Yeah, this is a concern. It's not such a big deal if it's only a few
pages, and we're still shrinking the footprint on aggregate. But it's
conceivable this can happen systematically with some datasets, in
which case reclaim will drive up the memory consumption and cause
OOMs, or potentially deplete the reserves with PF_MEMALLOC and cause
memory deadlocks.

This isn't something we can reasonably accept as worst-case behavior.

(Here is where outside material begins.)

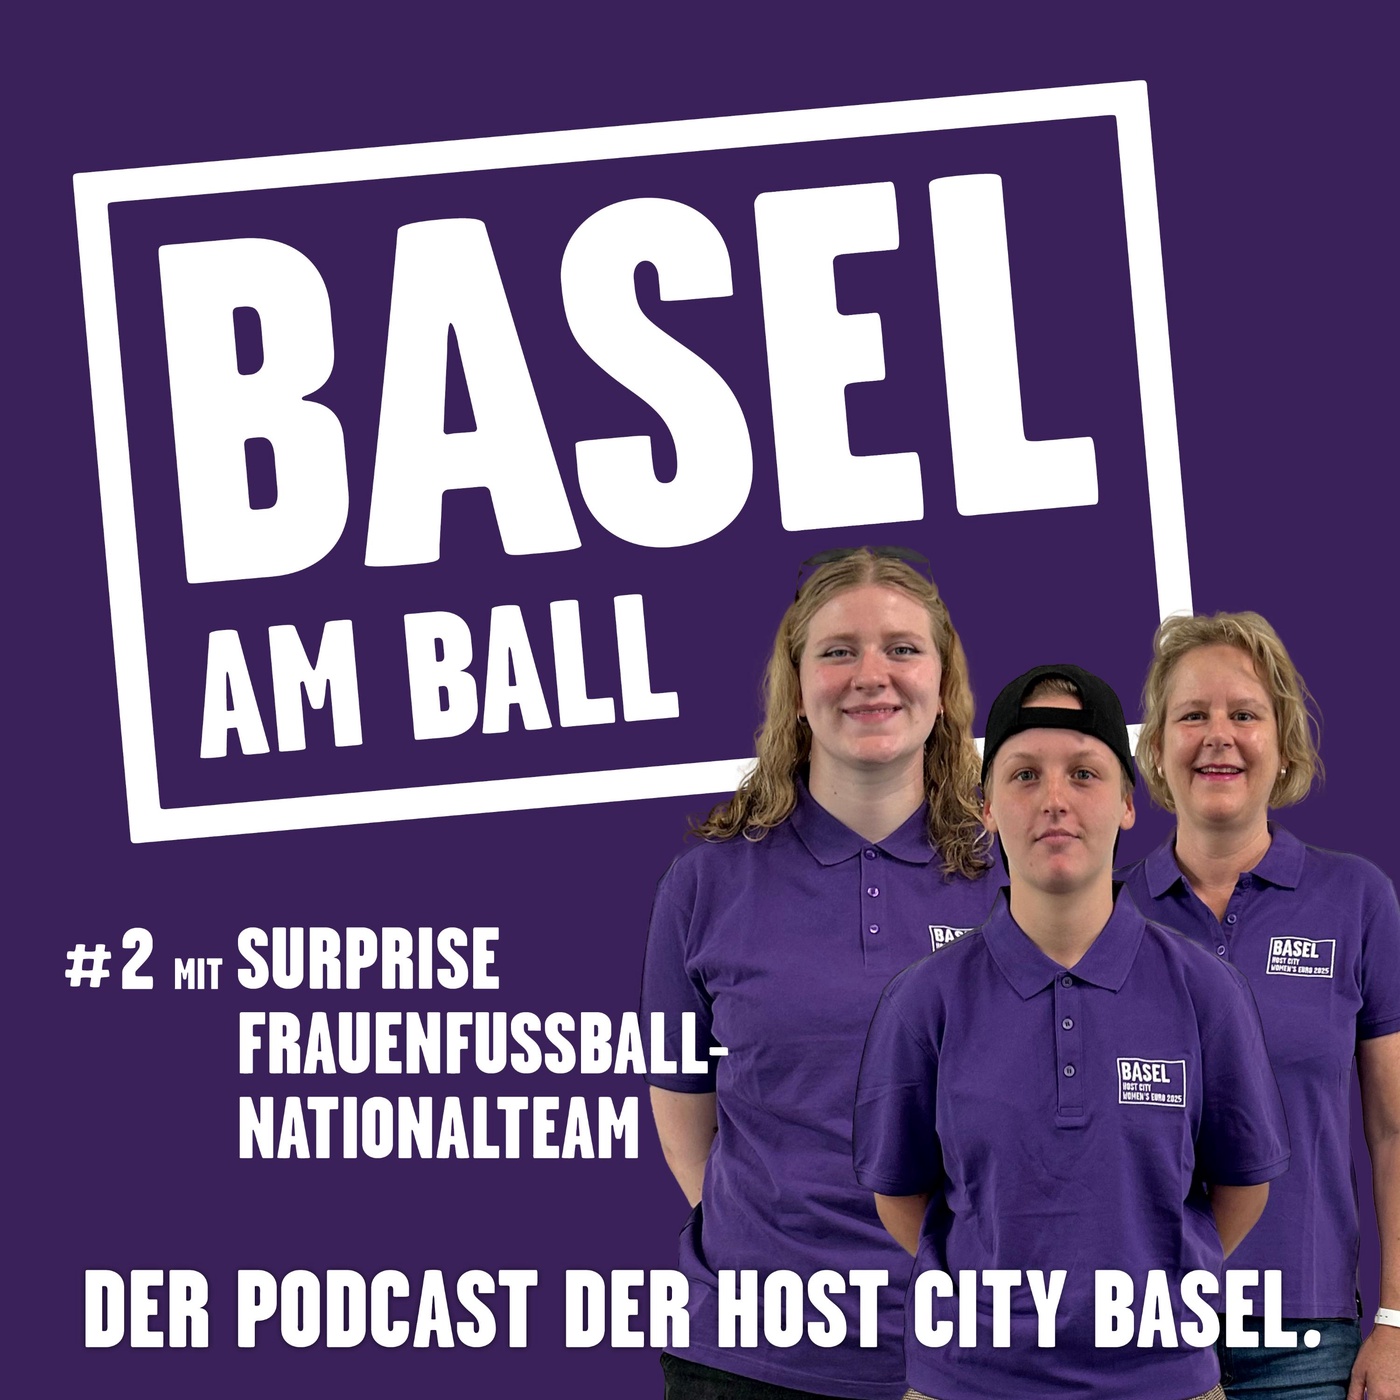 Basel am Ball #2 mit dem Surprise Frauenfussball-Nationalteam

> Perhaps there is a way we can do this without allocating a zswap entry?
>
> I thought before about having a special list_head that allows us to
> use the lower bits of the pointers as markers, similar to the xarray.
> The markers can be used to place different objects on the same list.
> We can have a list that is a mixture of struct page and struct
> zswap_entry. I never pursued this idea, and I am sure someone will
> scream at me for suggesting it. Maybe there is a less convoluted way
> to keep the LRU ordering intact without allocating memory on the
> reclaim path.

That should work. Once zswap has exclusive control over the page, it
is free to muck with its lru linkage. A lower bit tag on the next or
prev pointer should suffice to distinguish between struct page and
struct zswap_entry when pulling stuff from the list.

We'd also have to teach vmscan.c to hand off the page. It currently
expects that it either frees the page back to the allocator, or puts
it back on the LRU. We'd need a compromise where it continues to tear
down the page and remove the mapping, but then leaves it to zswap.

Neither of those sound impossible. But since it's a bigger
complication than this proposal, it probably needs a new cost/benefit
analysis, with potentially more data on the problem of LRU inversions.

Thanks for your insightful feedback, Yosry.